Worked Example: Two-Tailed t-Test Cutoff
A researcher compares a sample of n = 21 reaction times against a published benchmark using a two-tailed one-sample t-test at α = 0.05. The critical value comes from three steps:
- Degrees of freedom: df = n − 1 = 21 − 1 = 20.
- Split α across both tails: α/2 = 0.025 in each tail, so the cutoff sits at cumulative probability 1 − 0.025 = 0.975.
- Invert the t CDF: t₀.₉₇₅,₂₀ = 2.0860, giving critical values of ±2.0860.
The decision rule is: reject H₀ if |t| > 2.0860. If the study produces t = 2.30, that exceeds 2.0860, so the null hypothesis is rejected at the 5% level. Note the same statistic compared against the Z cutoff of ±1.96 would also reject — but with df = 5 the t cutoff would have been ±2.5706, and t = 2.30 would not reject. Small samples demand stronger evidence.
For comparison, selecting Chi-Square with α = 0.05 and df = 10 returns 18.3070, and selecting F with α = 0.05, df₁ = 3, df₂ = 12 returns 3.4903 — the threshold an ANOVA F statistic from four groups of four observations would need to clear.
Frequently Asked Questions
What is the difference between a critical value and a p-value?
They are two equivalent ways to run the same test. The critical value is a fixed cutoff on the statistic's scale, set by alpha before seeing data: reject if the statistic passes it. The p-value converts the observed statistic into a tail probability: reject if it is below alpha. The decisions always agree; the p-value additionally conveys how far past (or short of) the threshold the evidence landed.
Why does a two-tailed test use alpha divided by 2?

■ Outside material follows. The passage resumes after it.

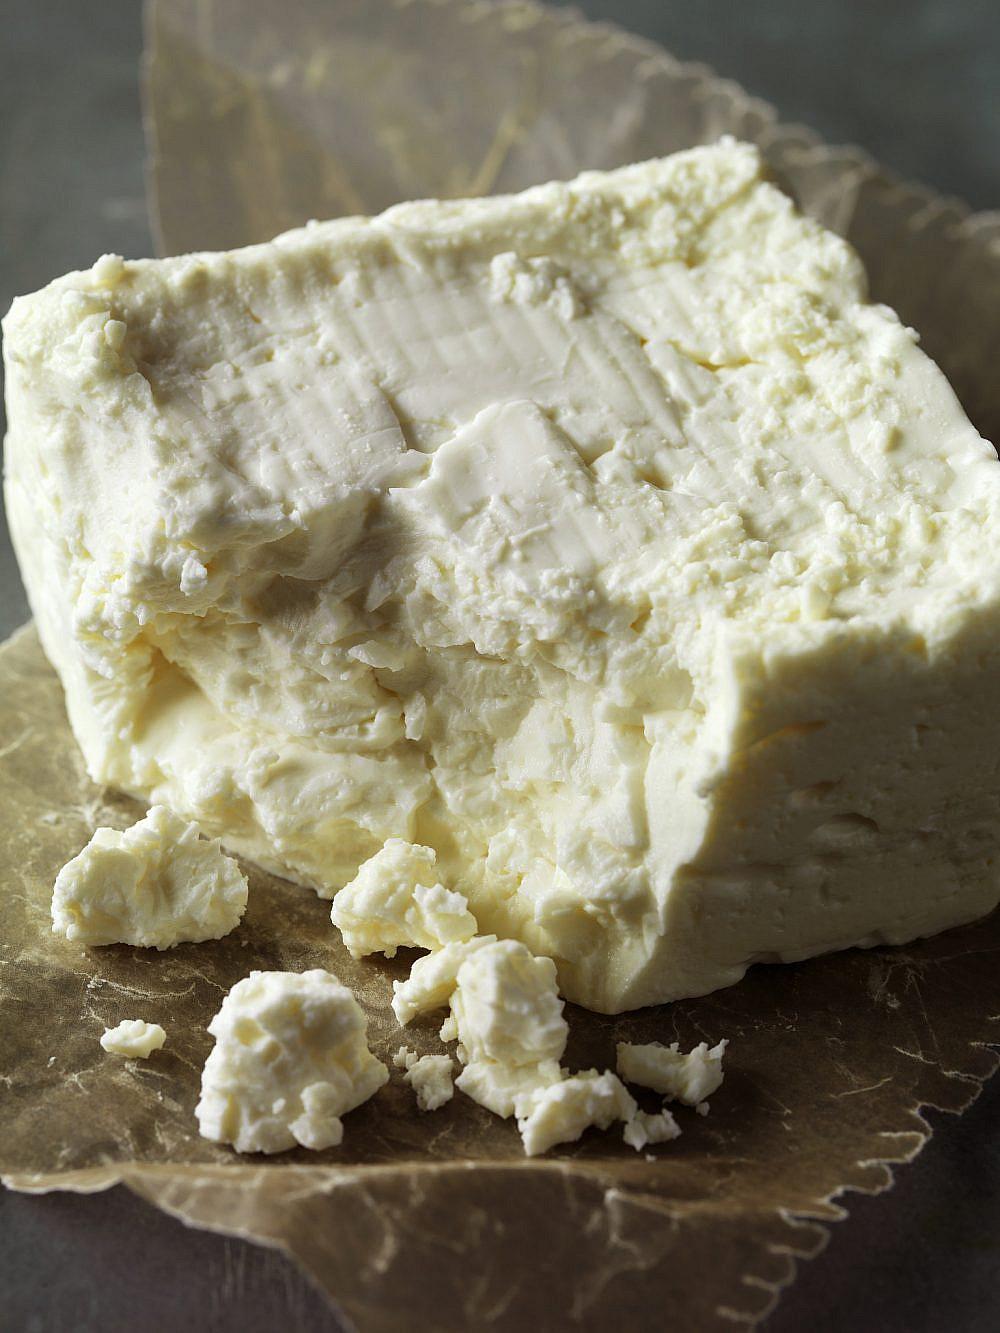 של מי הגבינה הזאת? גבינת פטה מיוון. צילום: GettyImages

A two-tailed test rejects for extreme results in either direction, so the total false-positive budget of alpha must be shared between the two tails - alpha/2 in each. That pushes each cutoff further out, which is why the two-tailed Z cutoff at alpha = 0.05 is 1.96 while the one-tailed cutoff is only 1.645.

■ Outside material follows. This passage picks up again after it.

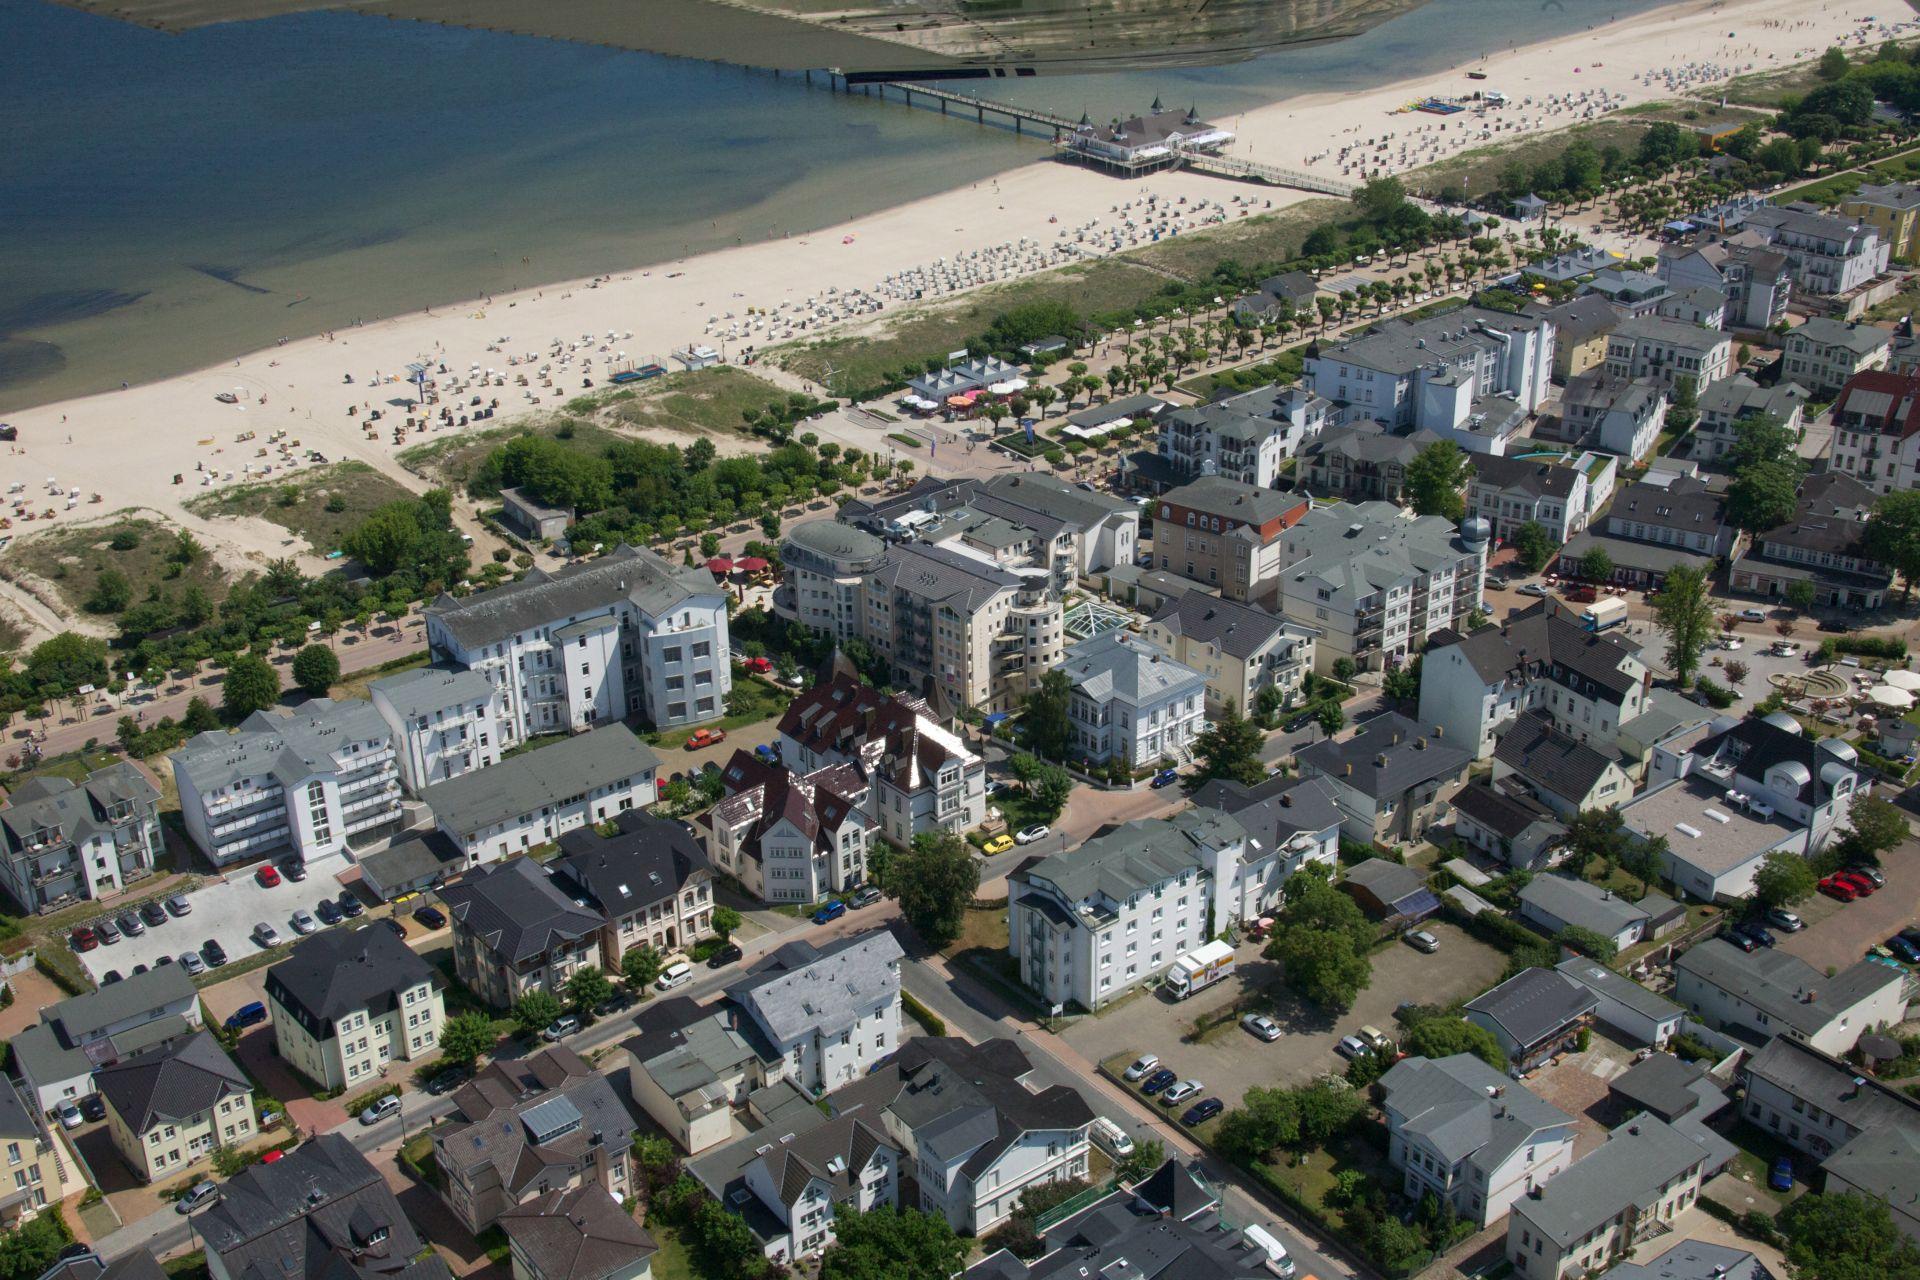 Luftaufnahme vom Seebad Ahlbeck.

Why are chi-square and F critical values always positive?
Both statistics are built from squared quantities - sums of squared deviations or ratios of variances - so they cannot be negative. Their tests are conventionally right-tailed: only unusually large values indicate a departure from the null hypothesis, so a single upper critical value is all that is needed.
What happens to t critical values as the sample gets larger?
They decrease toward the Z critical value. At alpha = 0.05 two-tailed, the t cutoff falls from 2.5706 (df = 5) to 2.0860 (df = 20) to 1.9623 (df = 1000), converging on the normal 1.96. With fewer observations the standard deviation estimate is noisier, and the wider cutoff compensates for that extra uncertainty.
How do critical values relate to confidence intervals?
The two-tailed critical value is exactly the multiplier in a confidence interval at level 1 - alpha. A 95% confidence interval for a mean uses 1.96 standard errors (or the matching t value for small samples) because plus or minus 1.96 captures 95% of the sampling distribution. Testing at alpha = 0.05 and checking whether a 95% interval contains the null value are equivalent procedures.